:: ACTIVITY ::
The listing below is to be written out word for word, minus its images.
DATA BELOW Block Start
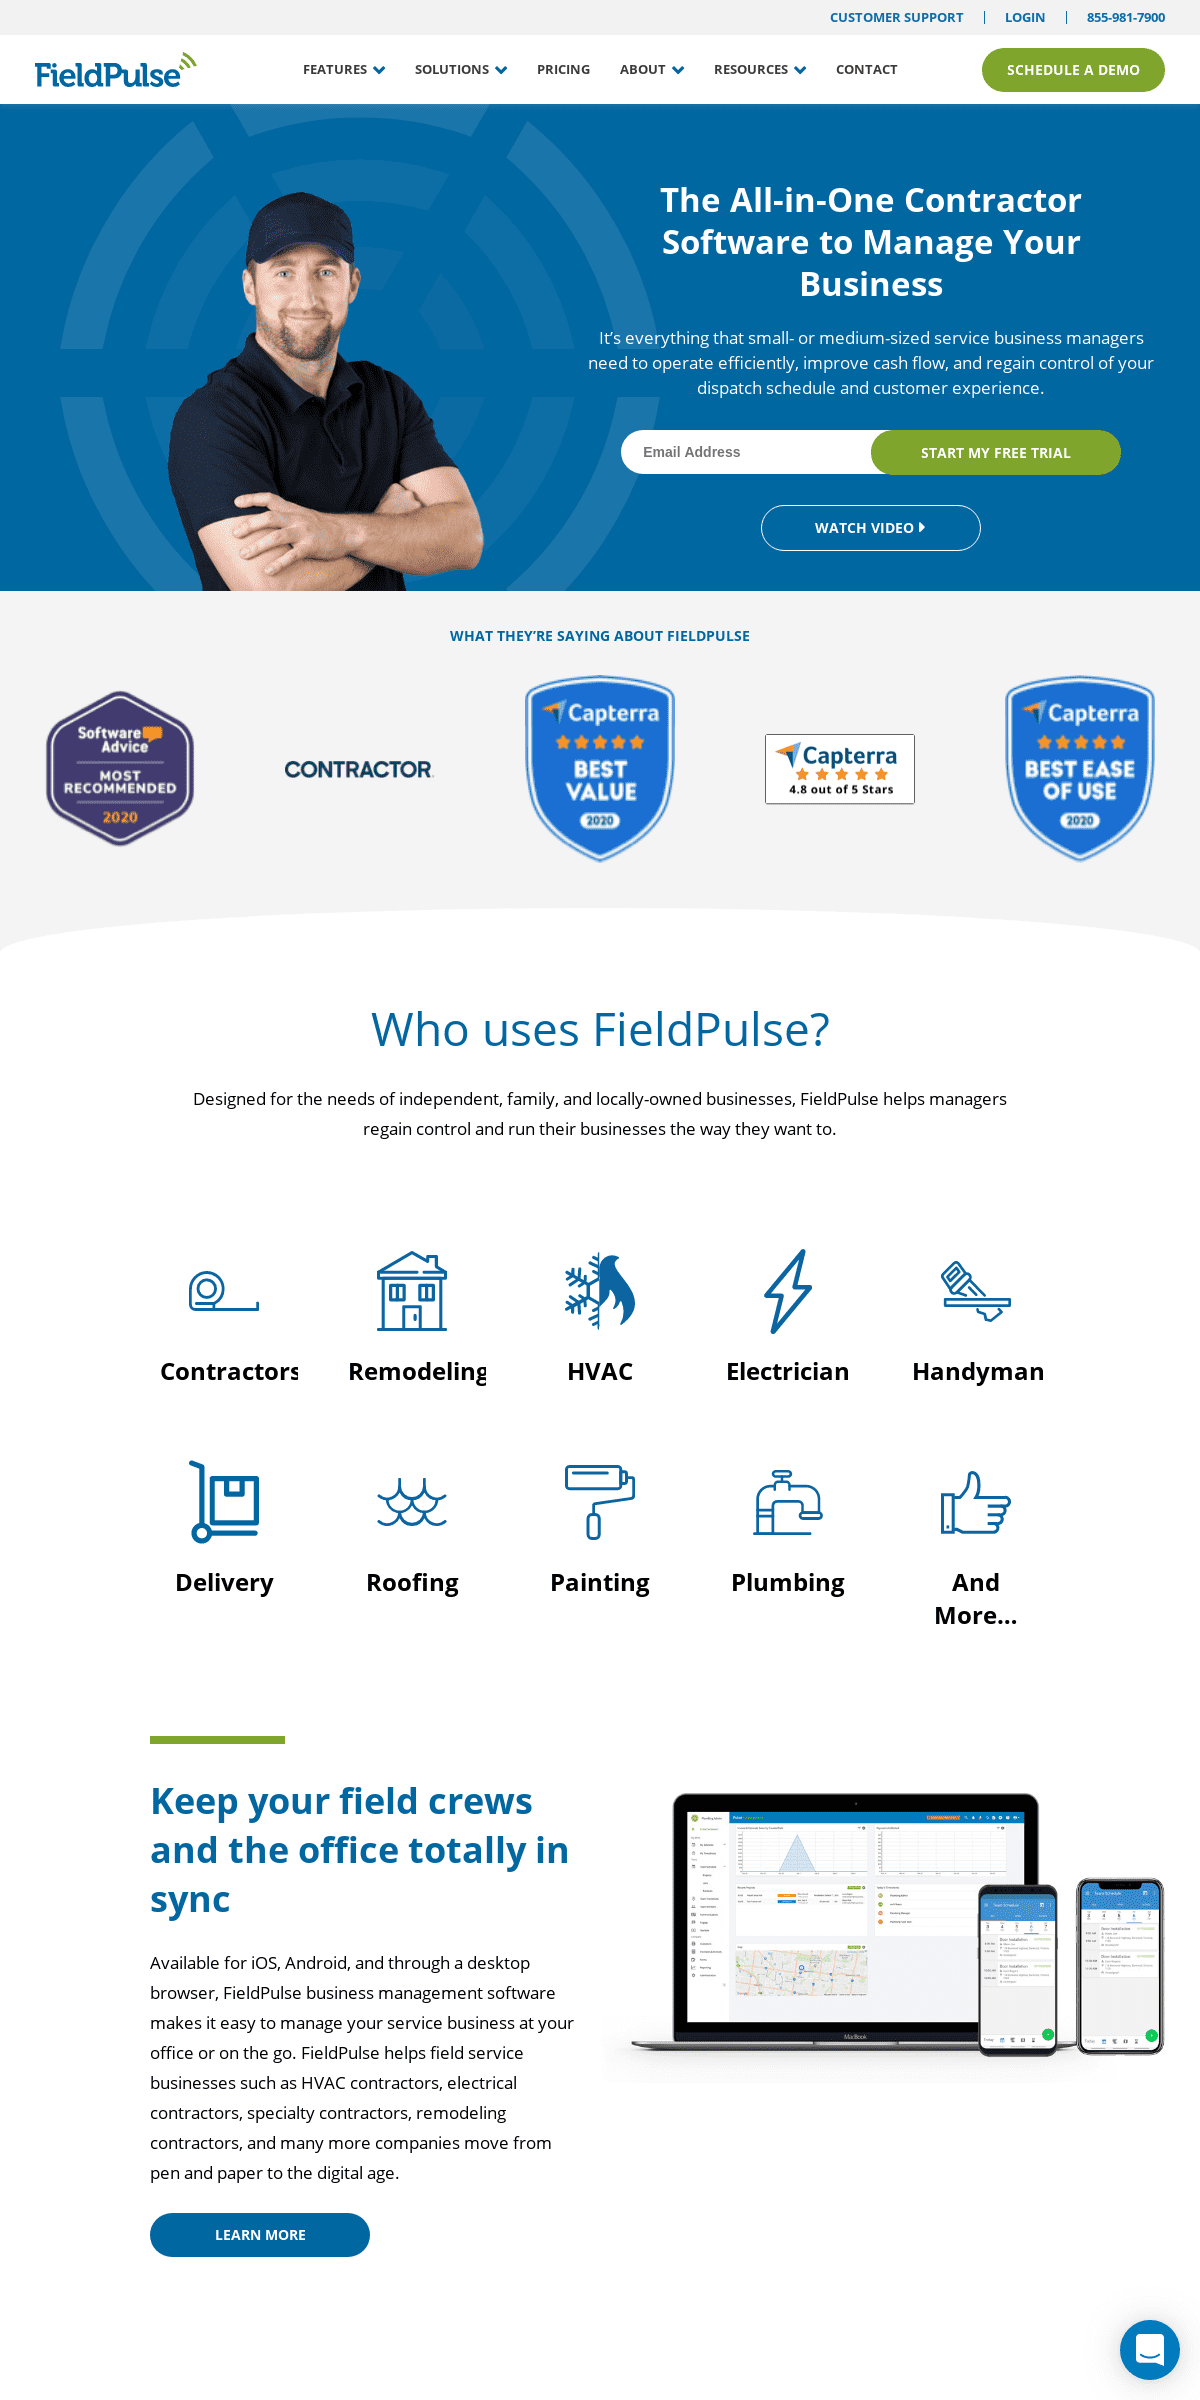 A complete backup of fieldpulse.com
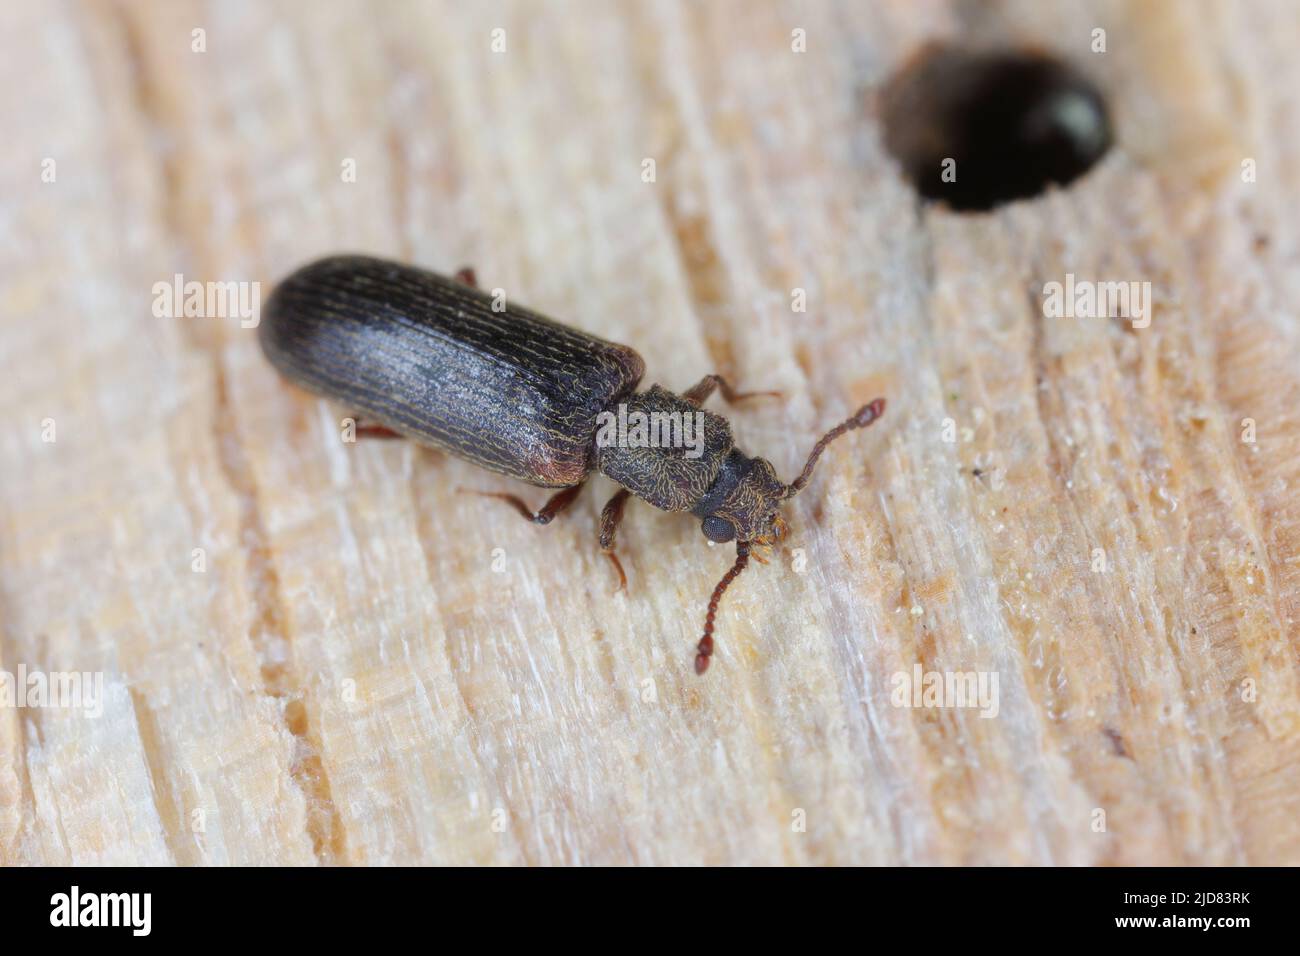 European lyctus beetle - Lyctus linearis. Common wood-destroying insect. Stock Photo
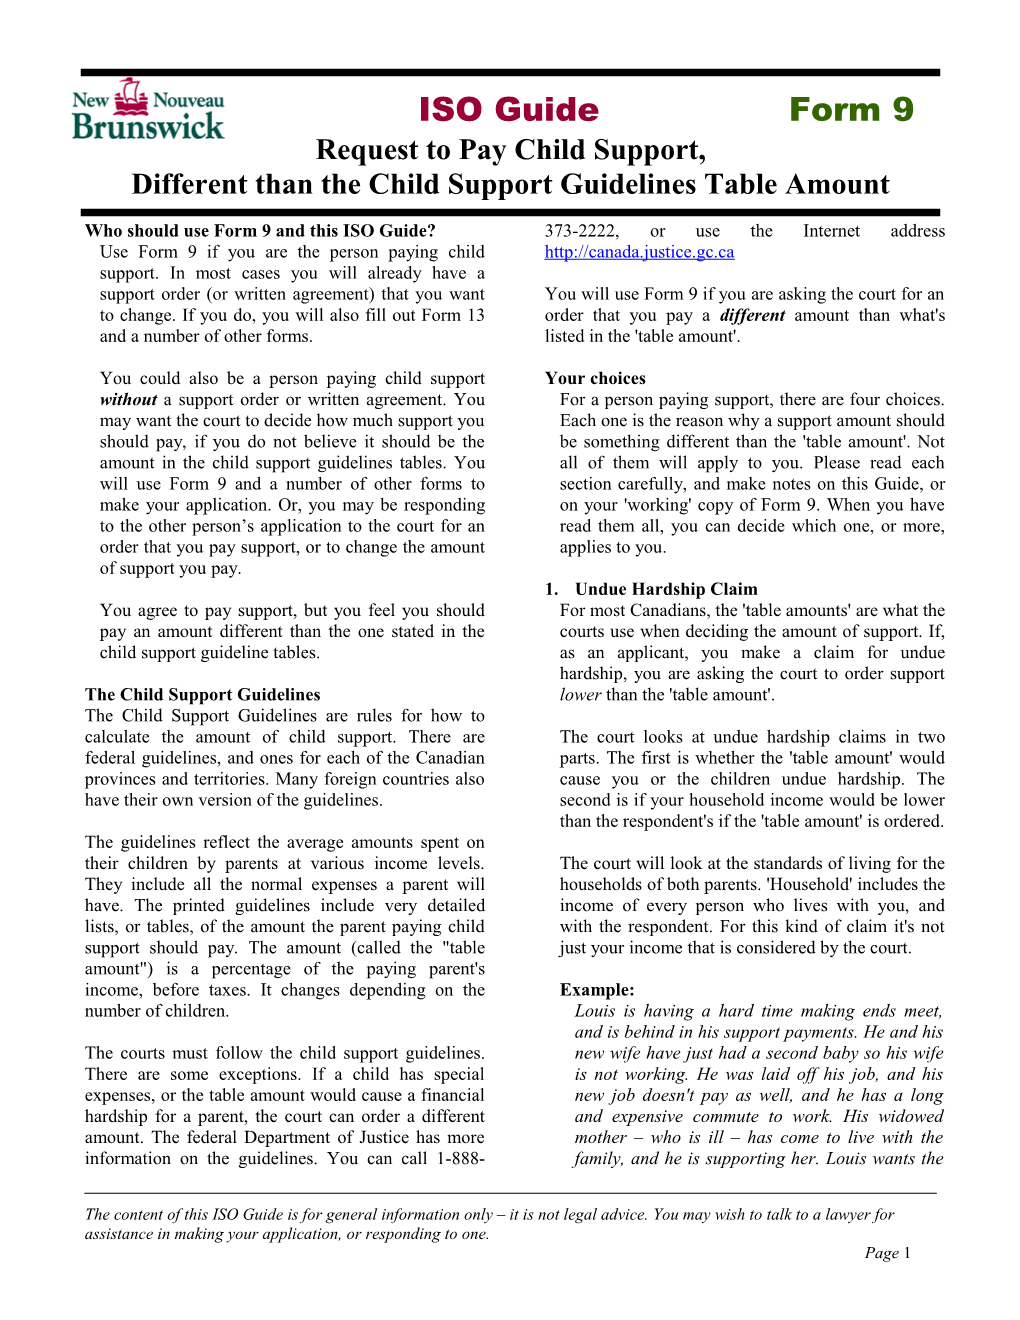 Different Than the Child Support Guidelines Table Amount
DATA BELOW Block End
:: TASK SOLUTION ::
 A complete backup of fieldpulse.com
 European lyctus beetle - Lyctus linearis. Common wood-destroying insect. Stock Photo
 Different Than the Child Support Guidelines Table Amount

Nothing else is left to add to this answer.